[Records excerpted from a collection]

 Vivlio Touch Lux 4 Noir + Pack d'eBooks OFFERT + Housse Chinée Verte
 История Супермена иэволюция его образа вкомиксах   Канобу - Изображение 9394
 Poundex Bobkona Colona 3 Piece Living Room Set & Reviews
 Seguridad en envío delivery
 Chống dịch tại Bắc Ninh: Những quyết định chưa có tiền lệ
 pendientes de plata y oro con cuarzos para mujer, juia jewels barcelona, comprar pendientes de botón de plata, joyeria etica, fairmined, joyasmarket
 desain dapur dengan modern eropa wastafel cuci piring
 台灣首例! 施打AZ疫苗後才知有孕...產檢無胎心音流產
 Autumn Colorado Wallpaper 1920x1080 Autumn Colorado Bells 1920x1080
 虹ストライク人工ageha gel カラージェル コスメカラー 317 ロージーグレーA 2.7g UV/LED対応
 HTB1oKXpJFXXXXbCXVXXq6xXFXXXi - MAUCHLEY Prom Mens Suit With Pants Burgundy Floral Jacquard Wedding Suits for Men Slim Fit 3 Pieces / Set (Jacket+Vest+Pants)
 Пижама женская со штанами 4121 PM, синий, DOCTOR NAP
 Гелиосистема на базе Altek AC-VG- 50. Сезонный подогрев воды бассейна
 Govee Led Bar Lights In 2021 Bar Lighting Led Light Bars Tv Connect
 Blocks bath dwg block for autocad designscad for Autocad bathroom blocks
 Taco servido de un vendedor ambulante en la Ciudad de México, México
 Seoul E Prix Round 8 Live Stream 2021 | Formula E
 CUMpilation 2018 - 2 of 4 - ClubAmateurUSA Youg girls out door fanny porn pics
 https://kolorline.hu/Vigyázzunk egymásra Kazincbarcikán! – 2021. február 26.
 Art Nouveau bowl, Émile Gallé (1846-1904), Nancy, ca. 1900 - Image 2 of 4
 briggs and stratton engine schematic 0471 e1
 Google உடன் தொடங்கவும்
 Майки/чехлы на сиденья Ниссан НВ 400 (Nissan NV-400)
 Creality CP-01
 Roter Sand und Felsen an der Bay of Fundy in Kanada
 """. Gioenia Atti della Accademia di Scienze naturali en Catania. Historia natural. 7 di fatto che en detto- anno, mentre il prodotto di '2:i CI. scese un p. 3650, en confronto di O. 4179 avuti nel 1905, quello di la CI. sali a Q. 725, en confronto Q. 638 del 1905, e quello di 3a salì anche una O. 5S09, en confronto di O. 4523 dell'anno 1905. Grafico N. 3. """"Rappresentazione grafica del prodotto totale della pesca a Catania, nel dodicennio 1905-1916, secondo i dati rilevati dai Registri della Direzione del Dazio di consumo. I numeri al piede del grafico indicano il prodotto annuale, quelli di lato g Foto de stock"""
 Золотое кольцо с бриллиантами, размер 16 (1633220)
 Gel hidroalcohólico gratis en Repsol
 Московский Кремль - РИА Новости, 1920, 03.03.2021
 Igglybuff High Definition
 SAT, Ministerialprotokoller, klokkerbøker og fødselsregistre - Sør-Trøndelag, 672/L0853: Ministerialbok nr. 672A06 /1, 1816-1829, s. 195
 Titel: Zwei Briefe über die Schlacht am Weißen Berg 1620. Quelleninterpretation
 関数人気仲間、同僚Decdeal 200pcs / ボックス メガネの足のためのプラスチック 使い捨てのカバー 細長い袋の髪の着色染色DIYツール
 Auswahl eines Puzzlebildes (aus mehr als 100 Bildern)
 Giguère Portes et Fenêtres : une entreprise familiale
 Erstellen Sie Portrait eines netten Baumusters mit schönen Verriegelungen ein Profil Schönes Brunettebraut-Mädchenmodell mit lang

**What you will do**
From the entries above, write out only the lines starting at the line that holds "Poundex Bobkona Colona" and ending at the line that holds "Roter Sand und", keeping both and matching them exactly.

**Written response**
 Poundex Bobkona Colona 3 Piece Living Room Set & Reviews
 Seguridad en envío delivery
 Chống dịch tại Bắc Ninh: Những quyết định chưa có tiền lệ
 pendientes de plata y oro con cuarzos para mujer, juia jewels barcelona, comprar pendientes de botón de plata, joyeria etica, fairmined, joyasmarket
 desain dapur dengan modern eropa wastafel cuci piring
 台灣首例! 施打AZ疫苗後才知有孕...產檢無胎心音流產
 Autumn Colorado Wallpaper 1920x1080 Autumn Colorado Bells 1920x1080
 虹ストライク人工ageha gel カラージェル コスメカラー 317 ロージーグレーA 2.7g UV/LED対応
 HTB1oKXpJFXXXXbCXVXXq6xXFXXXi - MAUCHLEY Prom Mens Suit With Pants Burgundy Floral Jacquard Wedding Suits for Men Slim Fit 3 Pieces / Set (Jacket+Vest+Pants)
 Пижама женская со штанами 4121 PM, синий, DOCTOR NAP
 Гелиосистема на базе Altek AC-VG- 50. Сезонный подогрев воды бассейна
 Govee Led Bar Lights In 2021 Bar Lighting Led Light Bars Tv Connect
 Blocks bath dwg block for autocad designscad for Autocad bathroom blocks
 Taco servido de un vendedor ambulante en la Ciudad de México, México
 Seoul E Prix Round 8 Live Stream 2021 | Formula E
 CUMpilation 2018 - 2 of 4 - ClubAmateurUSA Youg girls out door fanny porn pics
 https://kolorline.hu/Vigyázzunk egymásra Kazincbarcikán! – 2021. február 26.
 Art Nouveau bowl, Émile Gallé (1846-1904), Nancy, ca. 1900 - Image 2 of 4
 briggs and stratton engine schematic 0471 e1
 Google உடன் தொடங்கவும்
 Майки/чехлы на сиденья Ниссан НВ 400 (Nissan NV-400)
 Creality CP-01
 Roter Sand und Felsen an der Bay of Fundy in Kanada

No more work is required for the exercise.